Speaking in the National Assembly during the debate on the budget of the presidency the deputy president said that infrastructure has always been a cornerstone of AsgiSA.

"We are glad that visible progress has been made in the areas of building or refurbishing power stations, new stadiums for 2010, airports, railway lines, railway stations, harbours, hospitals, pipelines and telecommunications cables," she said.

"We are buying and building hundreds of railway locomotives and railway lines, harbour equipment, electronic road management systems, turbines and boilers among others," she added.

But Mlambo-Ngcuka did acknowledge shortcomings in some areas either as a result of skills shortages or misaligned legislation.

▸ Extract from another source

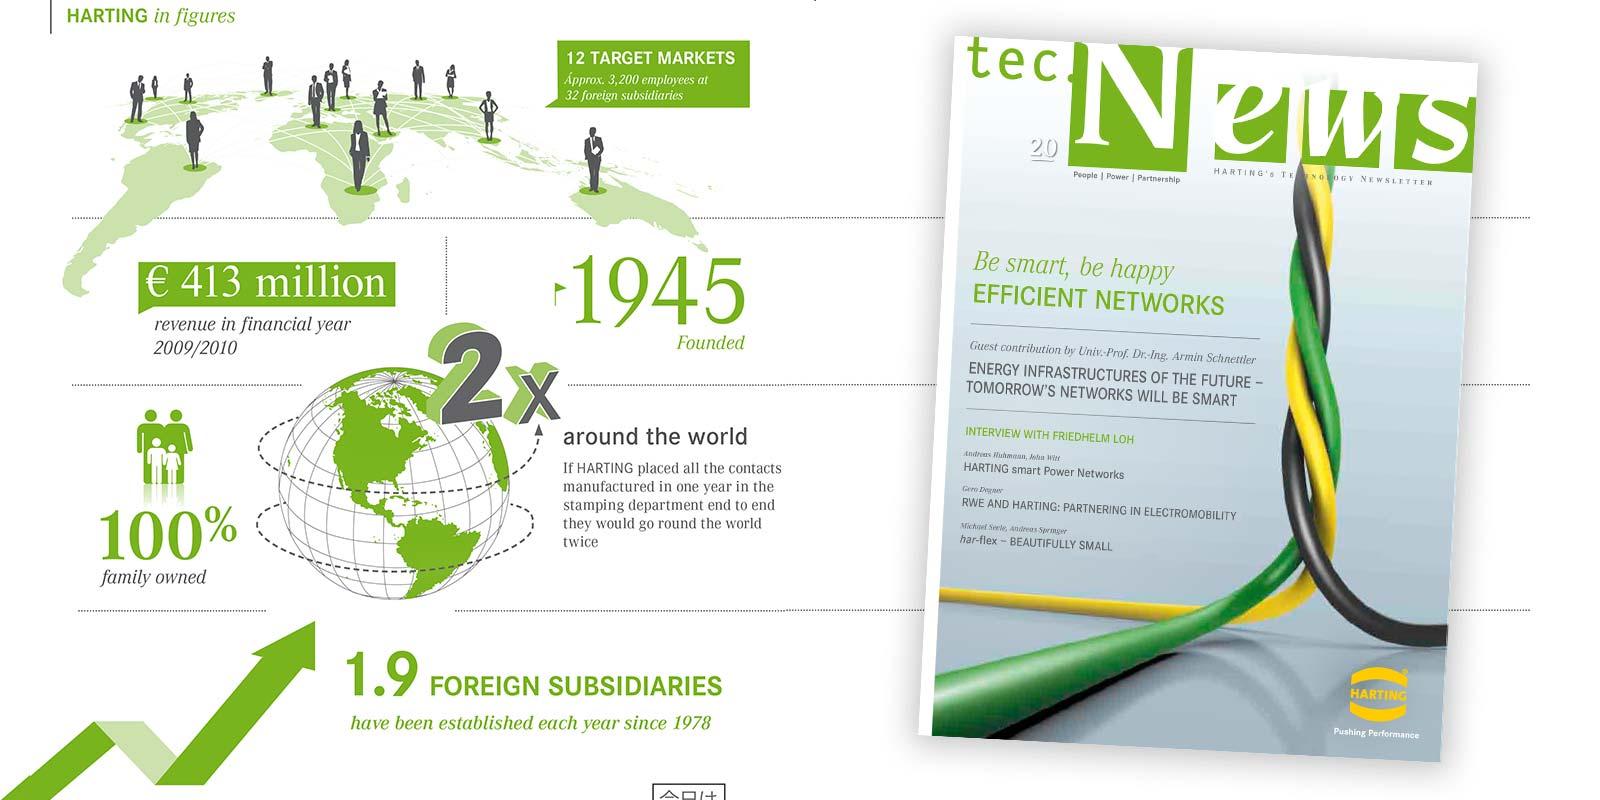 Technology Newsletter tec News | HARTING Technology Group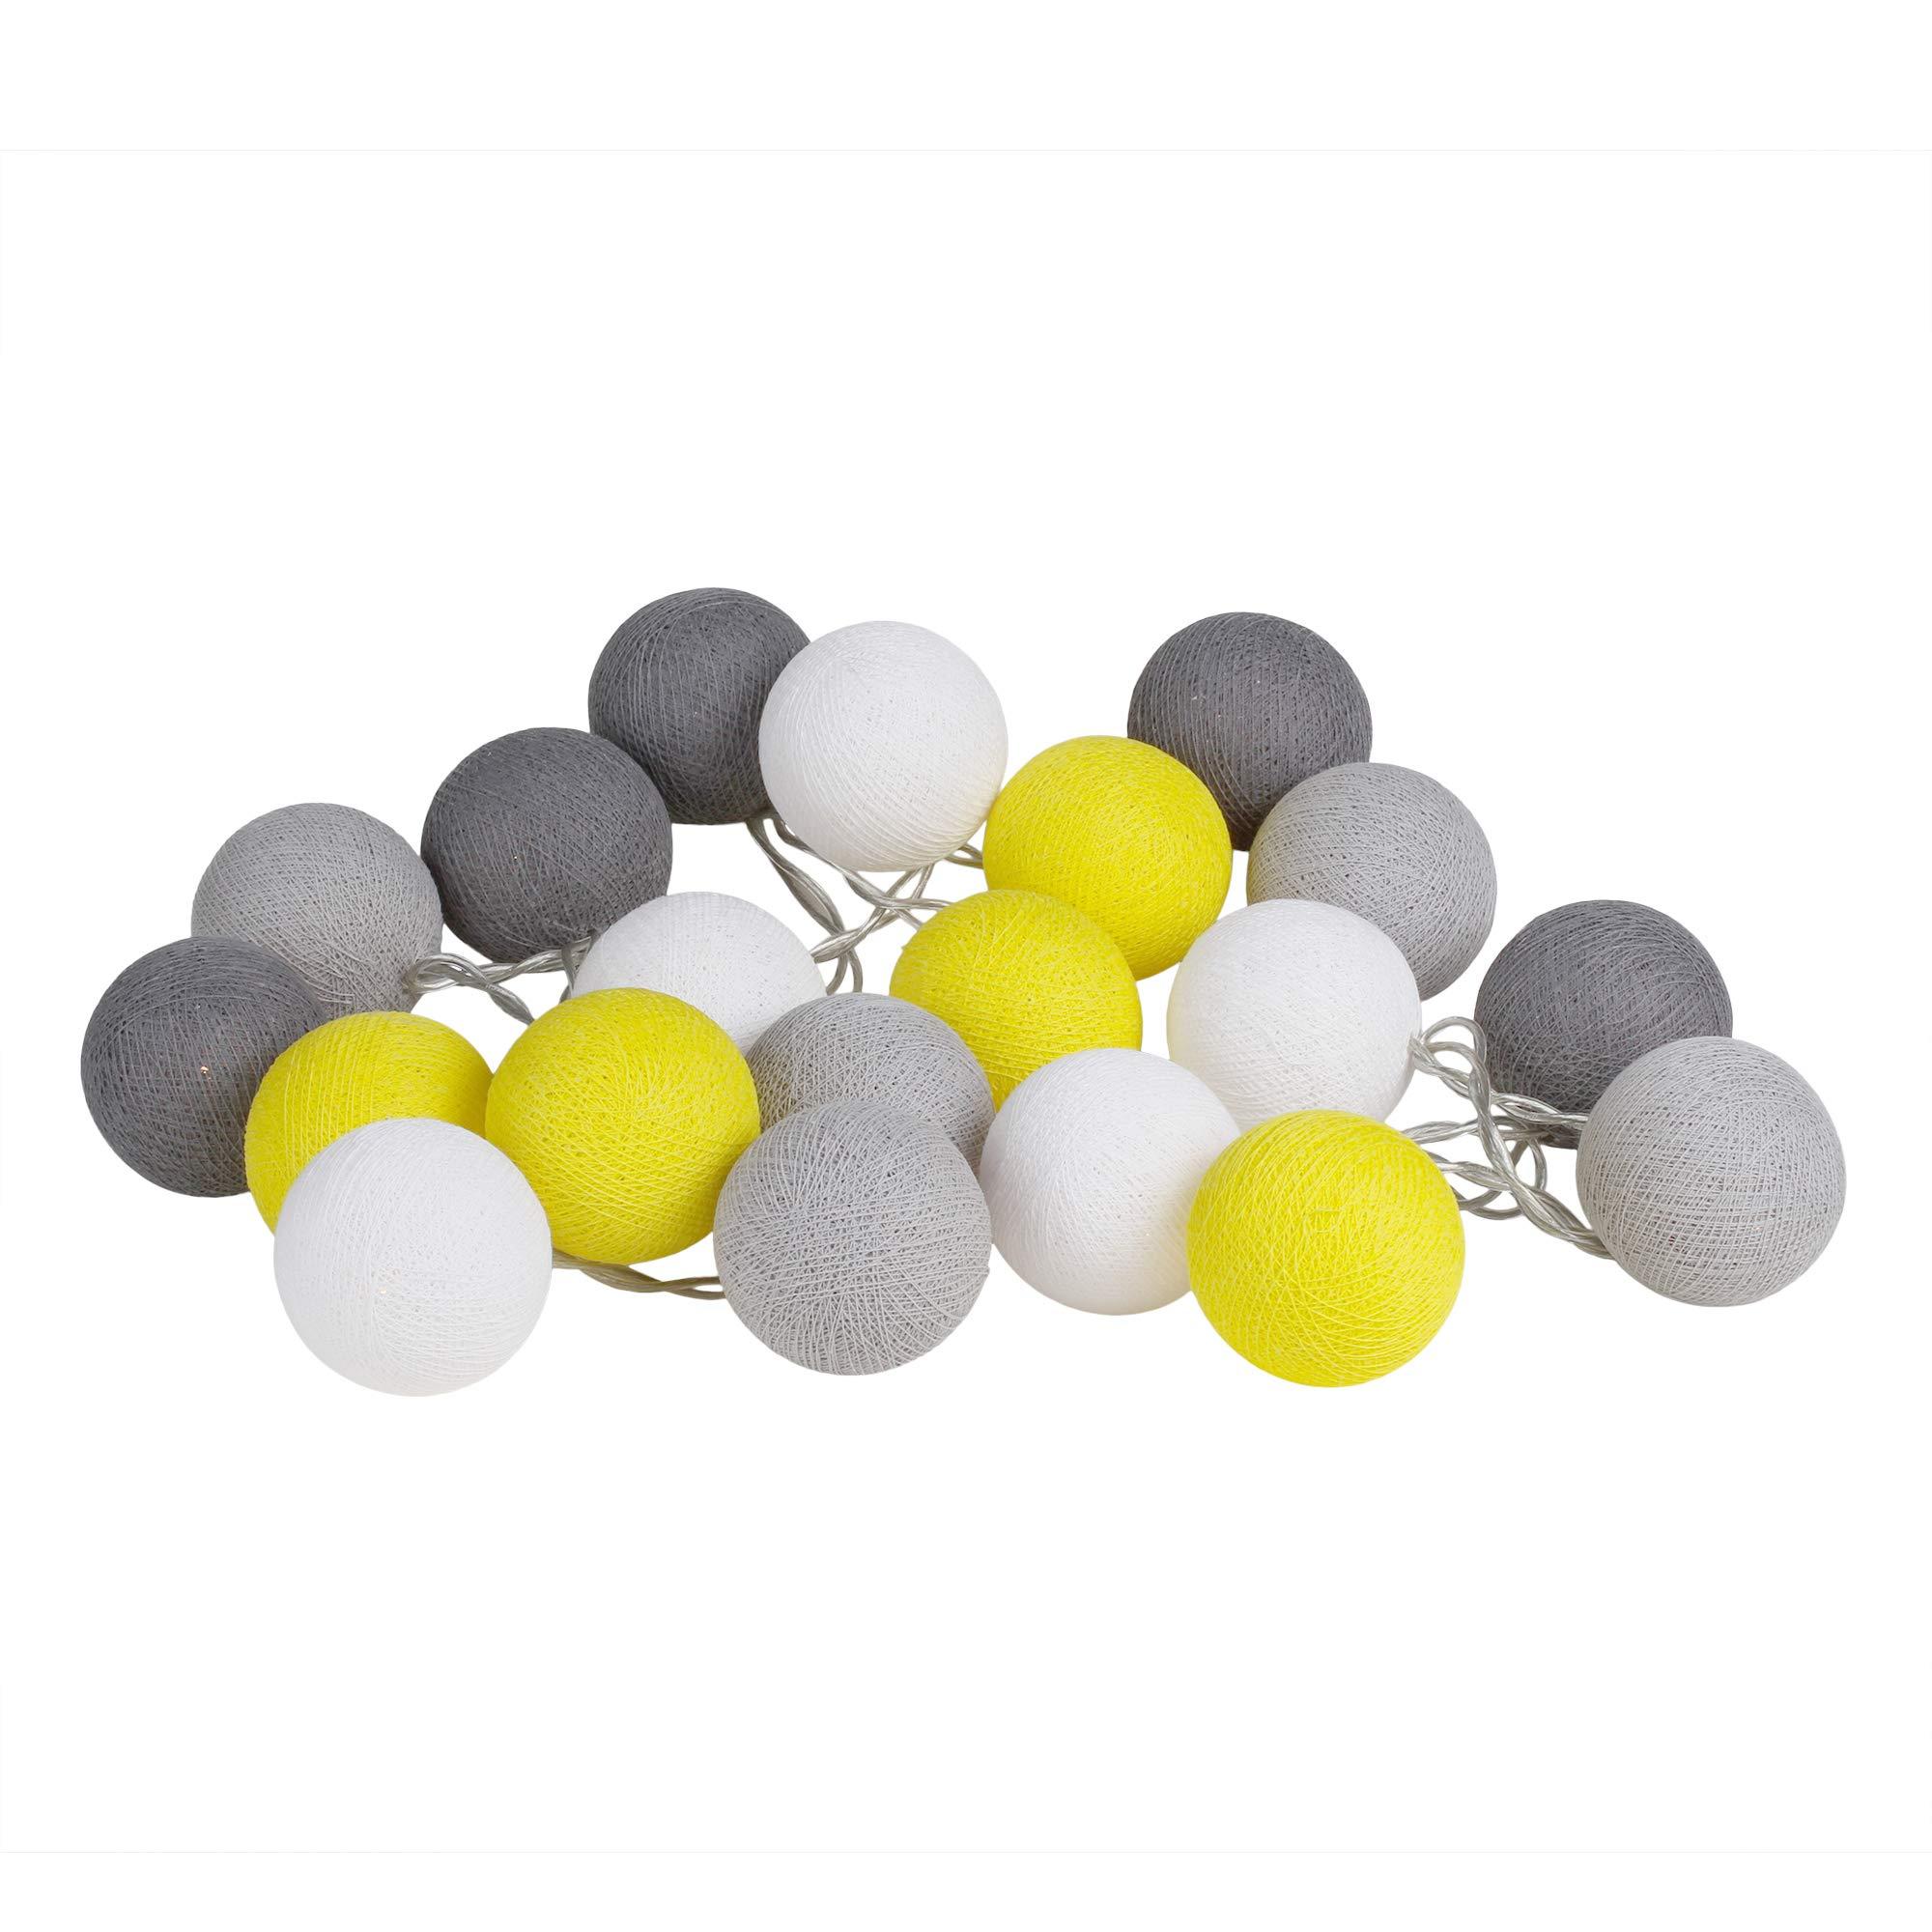 CHAINUPON 20 Cotton Ball String Fairy Lights Kid Bedroom,Home,Decor,Boys Girls Plug in Lights (Yellow Gray)

"Even with the current difficulties in the global trading environment, South Africa is attracting large foreign investment and we are also mobilising significant domestic investment, she said.

"As the economies of Europe and North America experience a slowdown, we are attracting a lot of their productive capacity."

She gave MPs a list of investment achievements. They included: a rapid increase in fixed investment activity in South Africa on the back of a massive infrastructure investment drive by government, public corporations as well as by the private sector

The deputy president said there are 74 domestic and foreign investment projects, and an investment pipeline of R206bn.

They include major greenfield projects with significant BEE opportunities, multiplier effects and geographic spread.

She said that the domestic investment projects are at R143bn and foreign investment is at R53bn.

R171bn in the pipeline are committed or in progress.

Manufacturing accounts for R19.7bn; resources account for R182.7bn and R3.6bn will go to services in the pipeline.

"We are pleased with growth in the critical AsgiSA sectors in tourism and BPO (business process outsourcing) and commend cooperation between government, industry and Setas (sector education and training authorities)," the deputy president said.

"This is another good example of collaboration despite many challenges experienced by the Setas," she added.